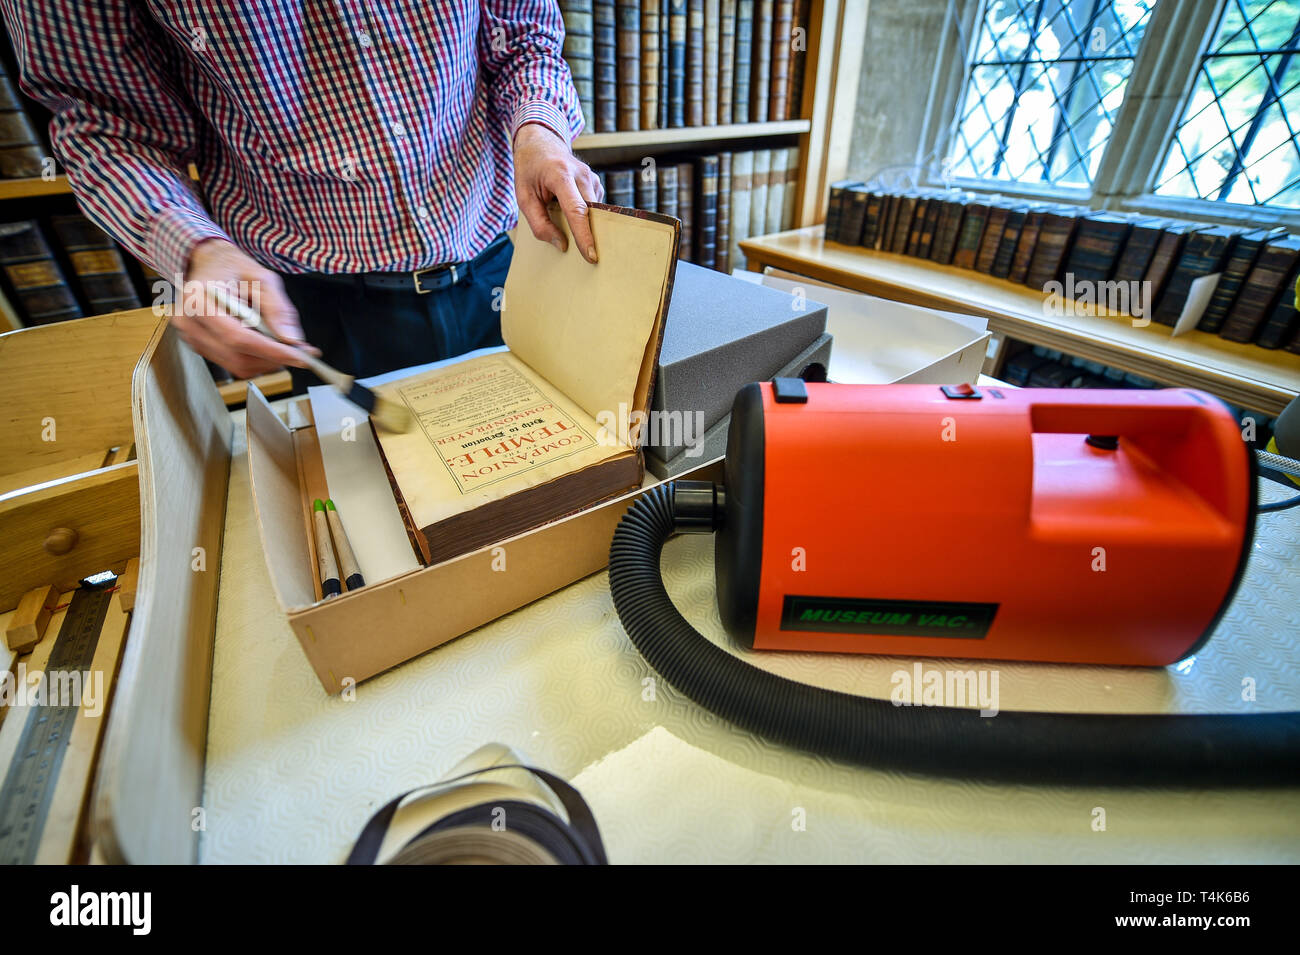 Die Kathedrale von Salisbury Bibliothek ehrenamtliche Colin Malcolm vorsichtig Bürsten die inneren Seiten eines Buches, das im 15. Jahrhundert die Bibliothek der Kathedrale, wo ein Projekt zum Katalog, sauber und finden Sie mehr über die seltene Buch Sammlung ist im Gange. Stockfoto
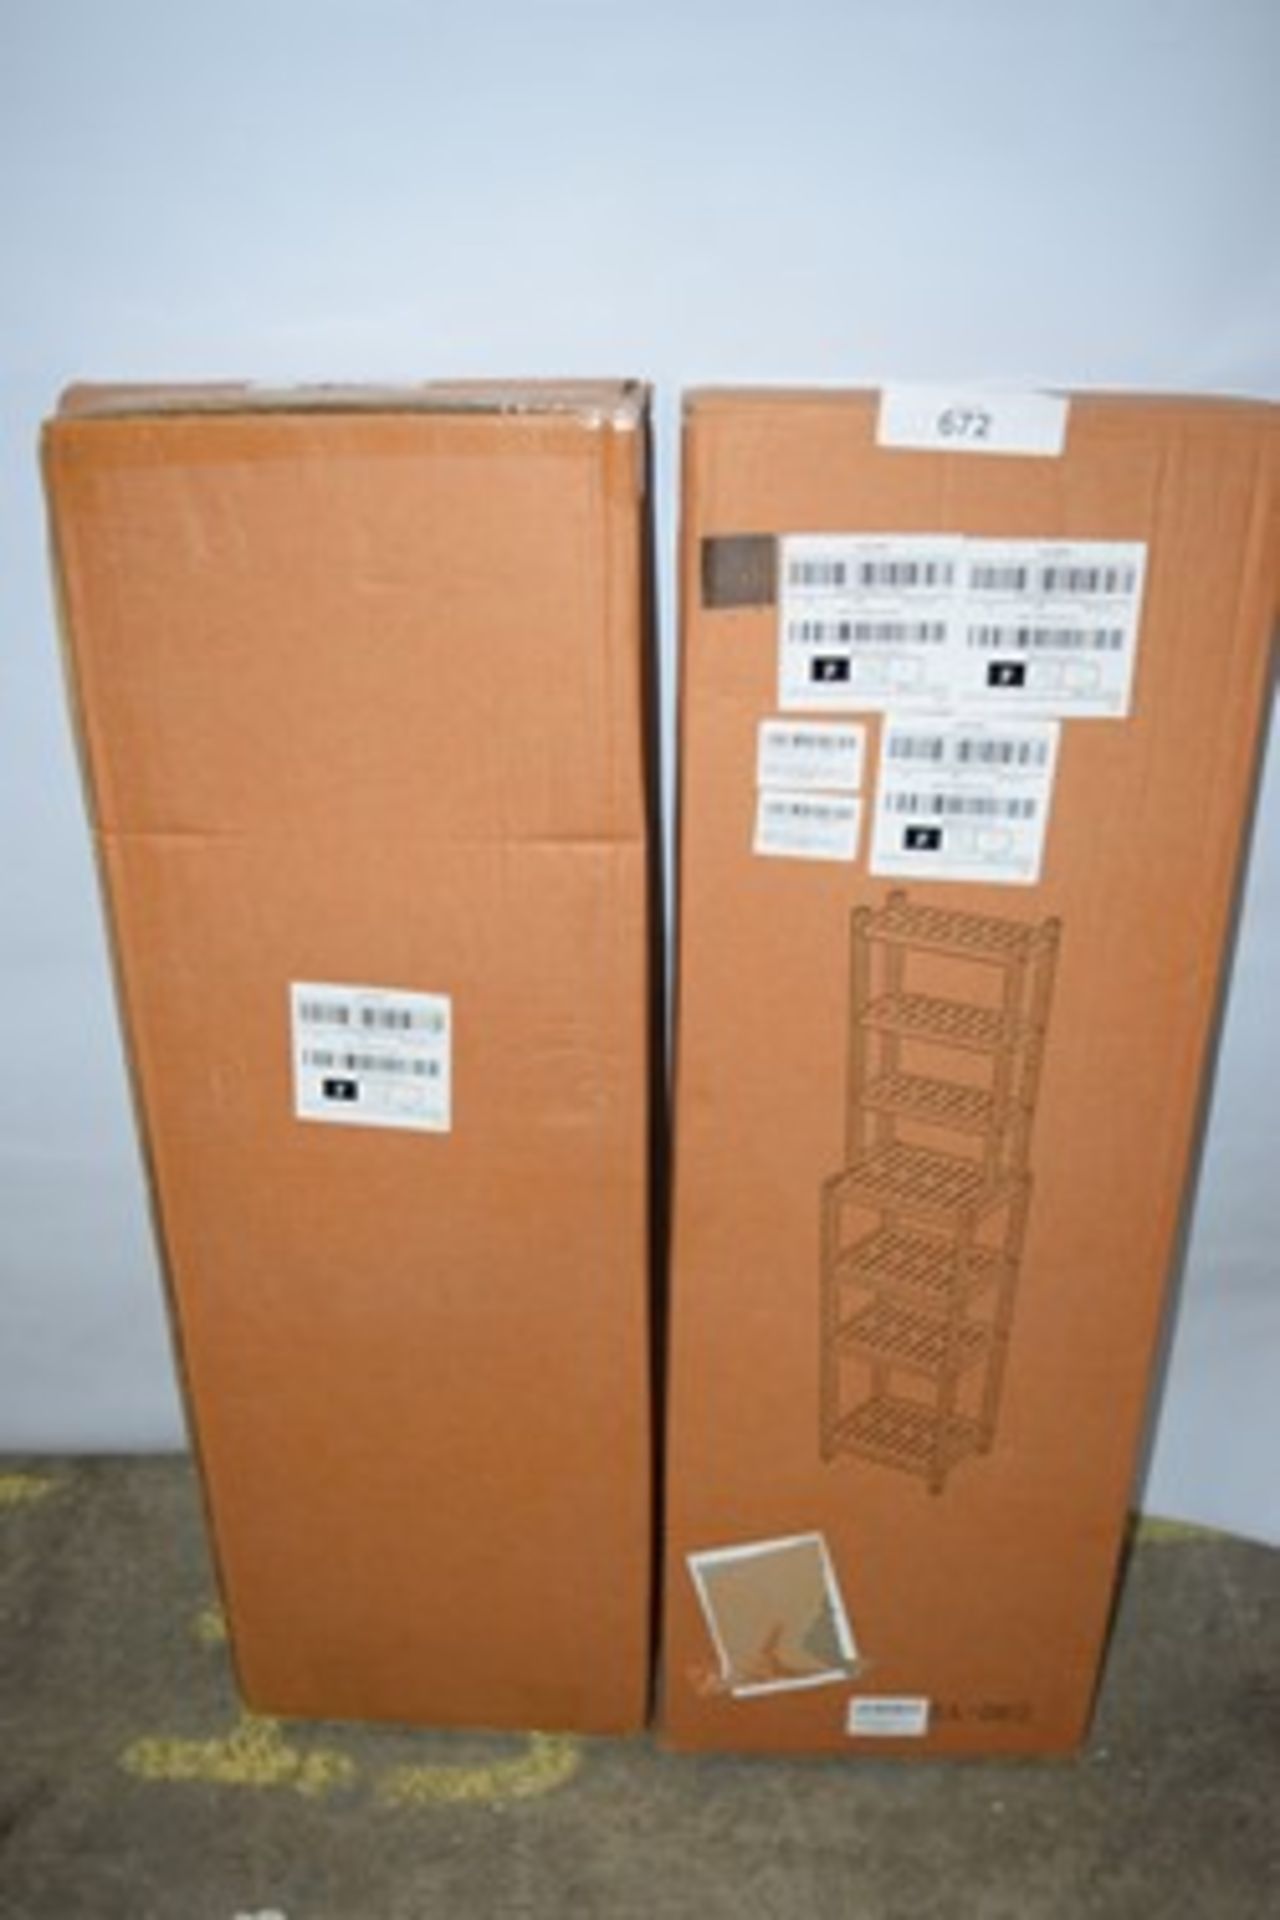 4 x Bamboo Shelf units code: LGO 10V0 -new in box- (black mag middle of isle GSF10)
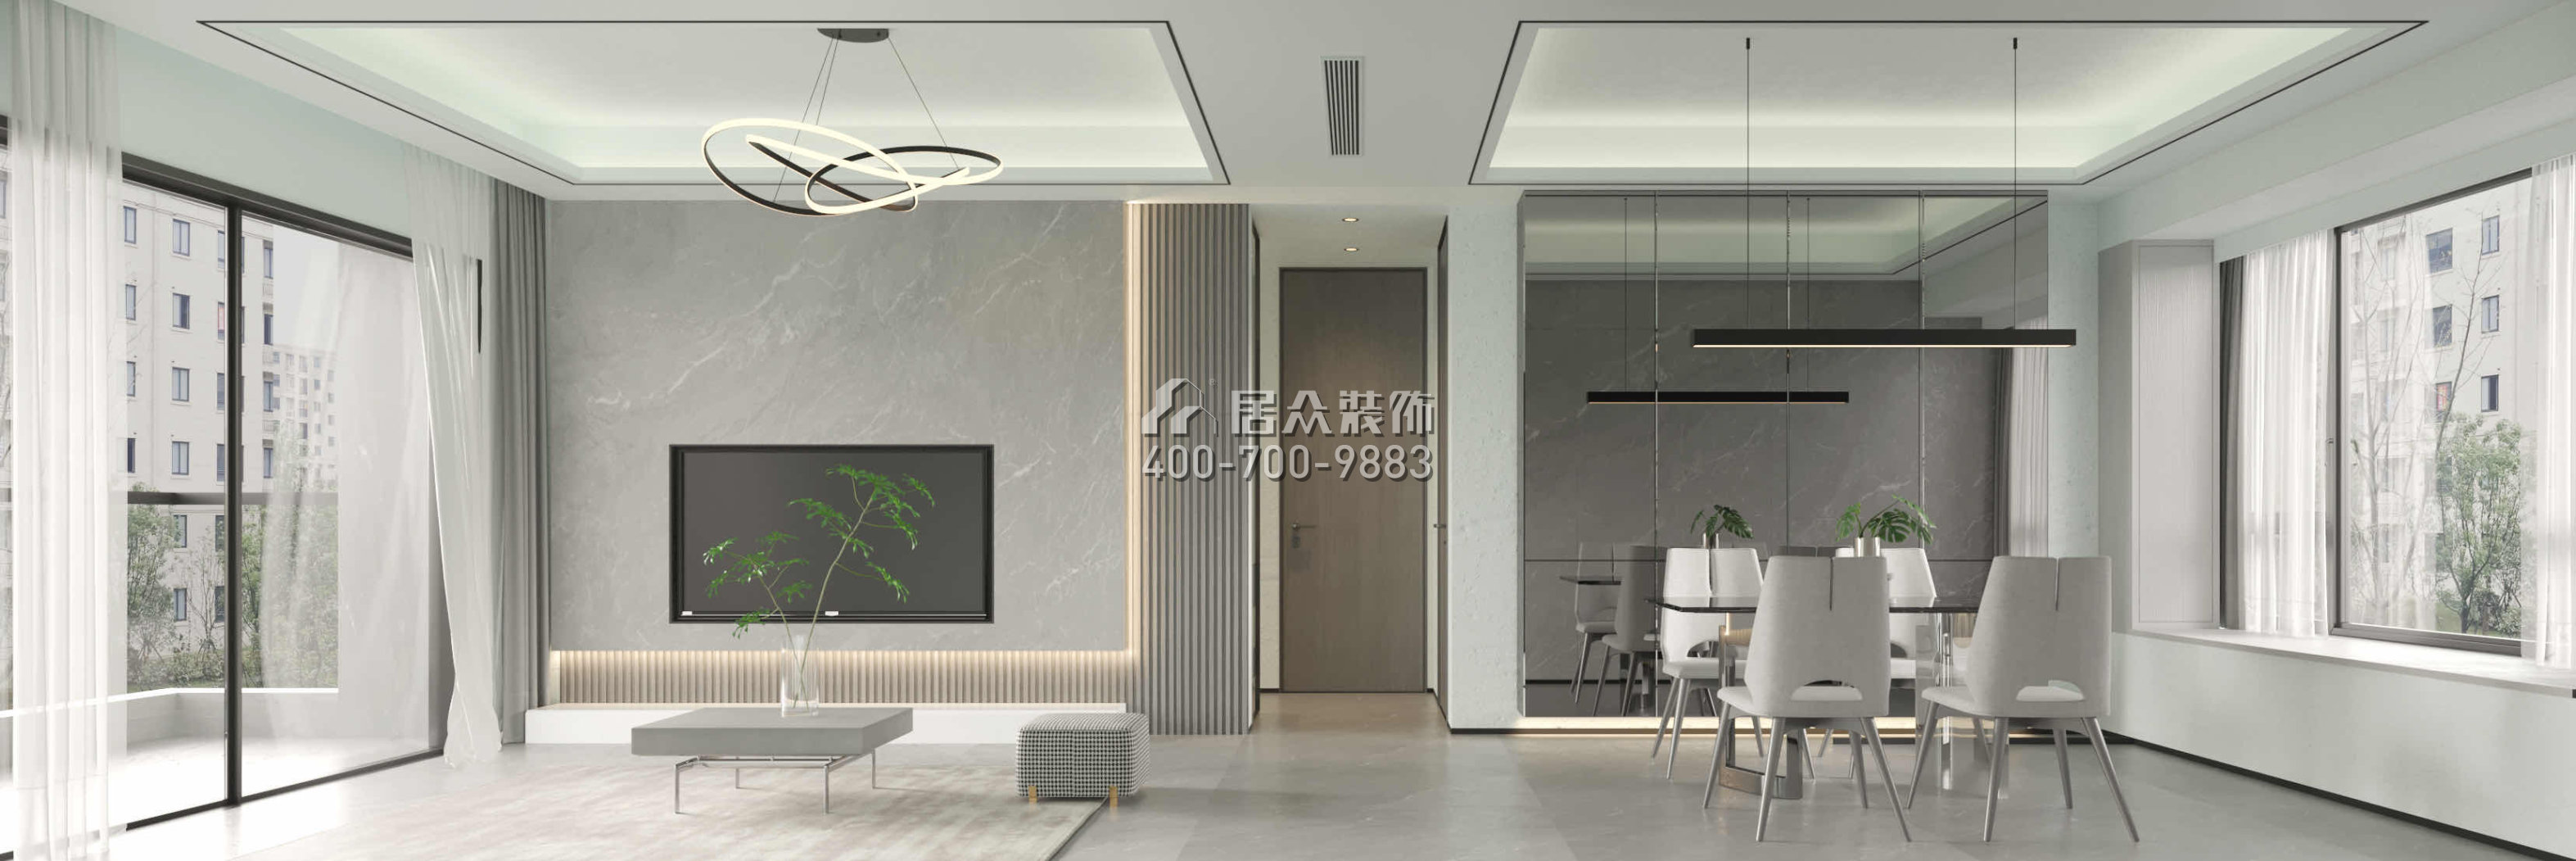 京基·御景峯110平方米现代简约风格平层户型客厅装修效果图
____________________
Please repeat the lines above from the line containing "4 x Bamboo Shelf" through the final line, both included, exactly as they stand and without pictures.

 4 x Bamboo Shelf units code: LGO 10V0 -new in box- (black mag middle of isle GSF10)
 京基·御景峯110平方米现代简约风格平层户型客厅装修效果图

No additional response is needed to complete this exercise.